Invasão Caipira

0
Araraquara é uma cidade média do interior de São Paulo com cerca de duzentos mil habitantes, está a 280 km da capital. É rodeada por plantações de cana de açúcar e pés de laranja. Seus habitantes respiram o ar cítrico sem sentir o cheiro em suas narinas tão fatigadas. O cinturão da cana é um espaço demarcado, linguisticamente reconhecido seja pelo “r” retroflexo, ou mesmo pela interjeição “acha”, ou ainda com a preposição “de” na expressão “passo de lá”, como também pelas ruas com nomes, mas indicadas por números. 

A cidade é ainda um estado central da música, capaz de criar festivais, grupos, cantores, músicos de extrema qualidade, movimentar excursões para shows na capital criando uma invasão caipira. Os grandes concertos de rock, espetáculos, festivais fazem com que um contingente de fãs da cidade se desloque para São Paulo percorrendo 280 km para ver, ouvir, sentir a música em uma viagem de um dia. 

Ônibus fretados saem rumo à capital a partir do Bar do Zinho que fica em frente a uma praça na rua mais bonita da cidade. O bar é um local de formação, educação, comunhão musical, onde músicos independentes do interior, da cidade tocam, bebem, conversam, dialogam há mais de meio século. A saída é perto da hora do almoço, quando começa a chegar uma leva de adoradores da música com roupas pretas, camisas de bandas, carregando coolers, sacolinhas com os mantimentos, acessórios para a viagem. 

A música cria uma peregrinação de araraquarenses até São Paulo, criando uma invasão caipira da capital. Uma viagem (“excursão”) como chamada no interior, de um dia, um “bate-volta” fazendo o percurso ser interessante, de modo que alguns preferem se embriagar levemente ou apenas dormir na esperança da viagem ser encurtada. Há os que são enciclopédias, repletos de história no ramo, que estiveram em concertos históricos. 

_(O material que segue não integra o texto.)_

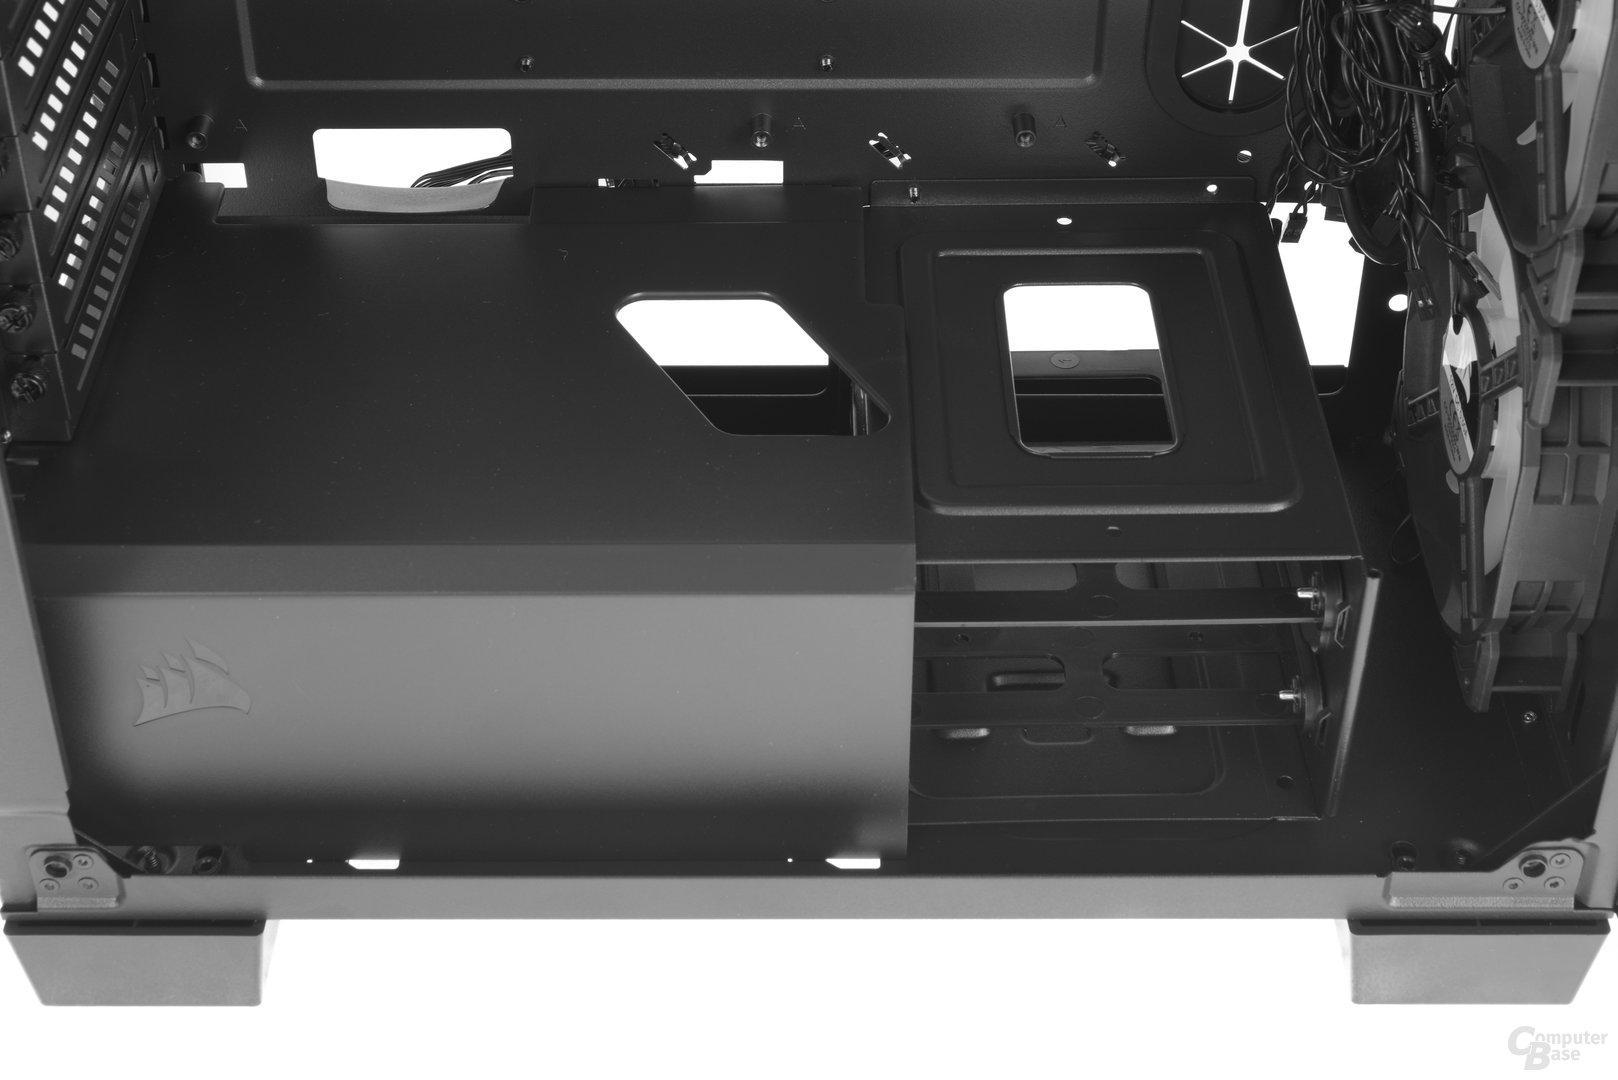 Corsair Crystal 460X RGB – Raumteiler teilentfernt

O concerto, o espetáculo musical é o fim, o objetivo final, mas a travessia do interior à capital é interessante: há o casal (Zé e Glaucia) que voltou de São Paulo apenas para ir no ônibus com os amigos, ou ainda a tímida, a bonita moça (Andréia) de Taquaritinga que viaja um pouco mais. No corredor do ônibus cenas inusitadas: alguns como Paulo Afonso, Igor e Plex conversam sobre física, filosofia, cinema e fotografia; outros, como o Matheus, preferem contar histórias; um estudante tenta fazer o trabalho da faculdade para a manhã seguinte. 

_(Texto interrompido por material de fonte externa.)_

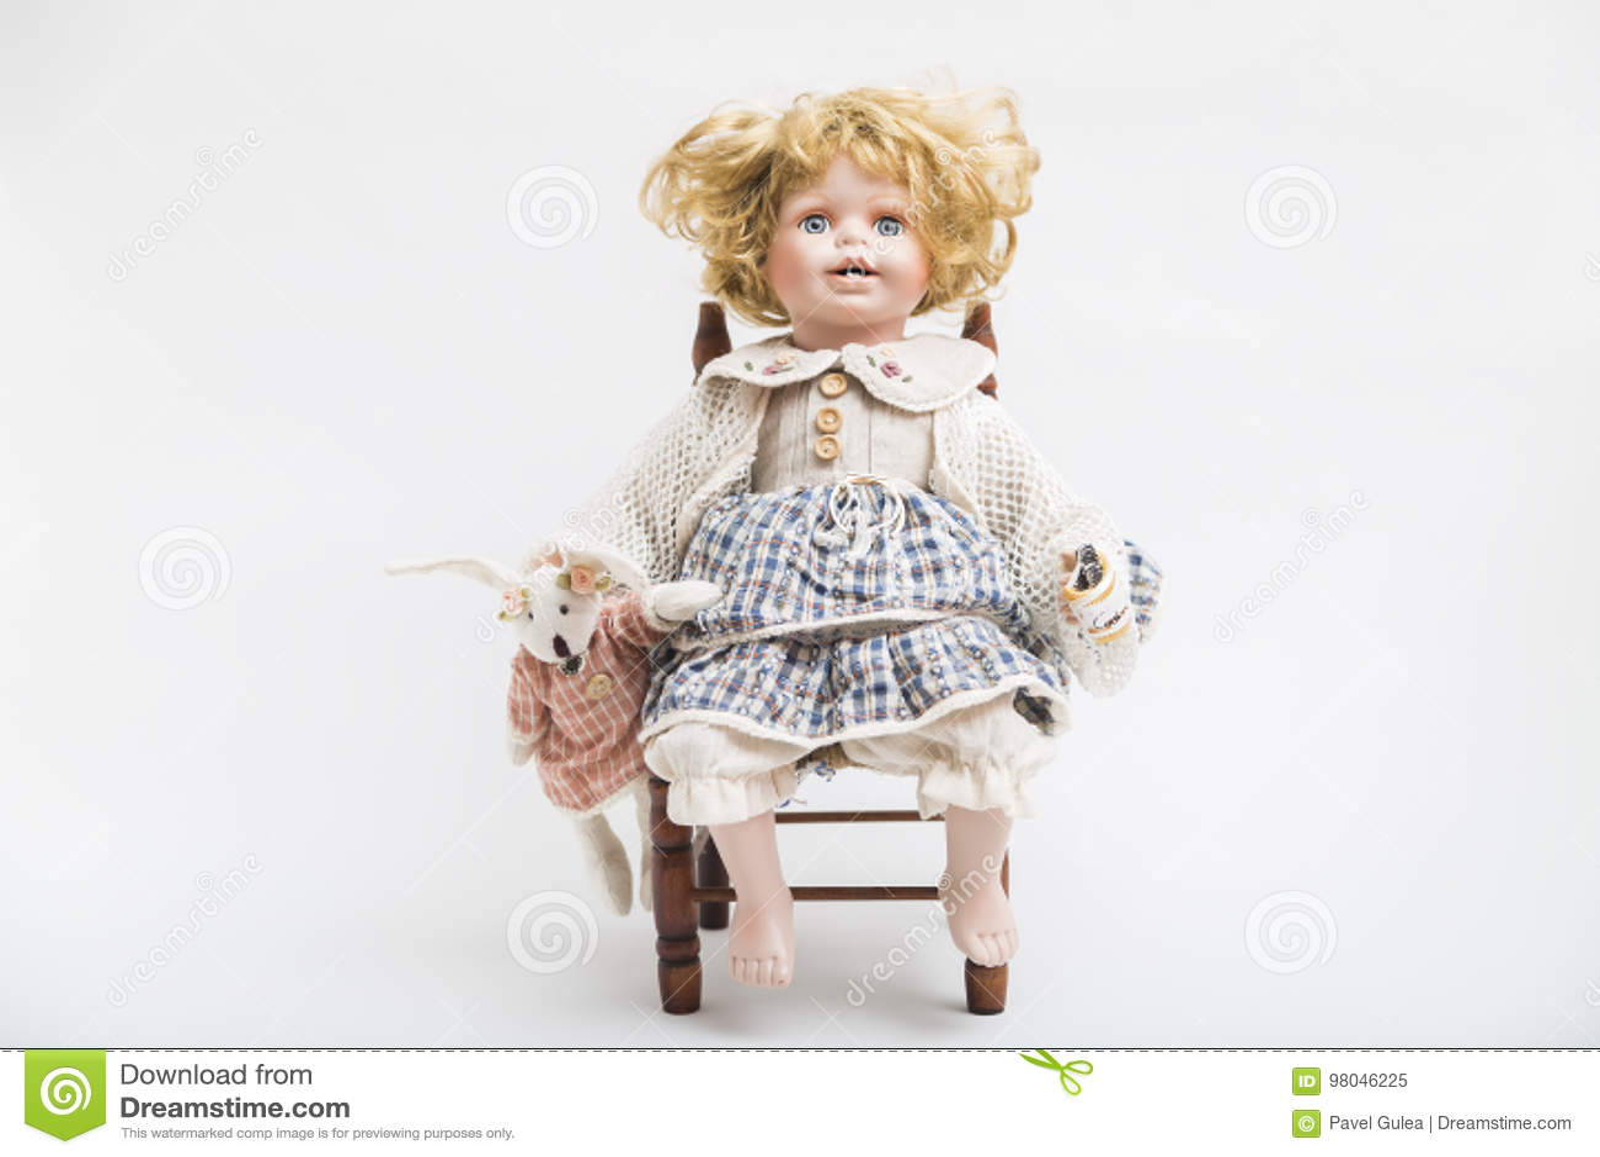 Ceramicznej porcelany handmade lala z dużymi niebieskimi oczami i kędzierzawym blondynem

Araraquara é reconhecida não somente pela visita do filósofo francês que quis responder a uma questão, mas pela adoração à música. Não somos reconhecidos apenas pela cana, pela laranja ou pelo “r” “puxado” ou mesmo “arrastado”, a cidade é música, frequências altas, baixas, locais de batidas, ritmos, a música é a nossa melhor amiga. Se não temos boas narinas, compensamos com ouvidos apurados, exigentes, que buscam sons e sentidos na música sendo capaz de criar peregrinações até São Paulo.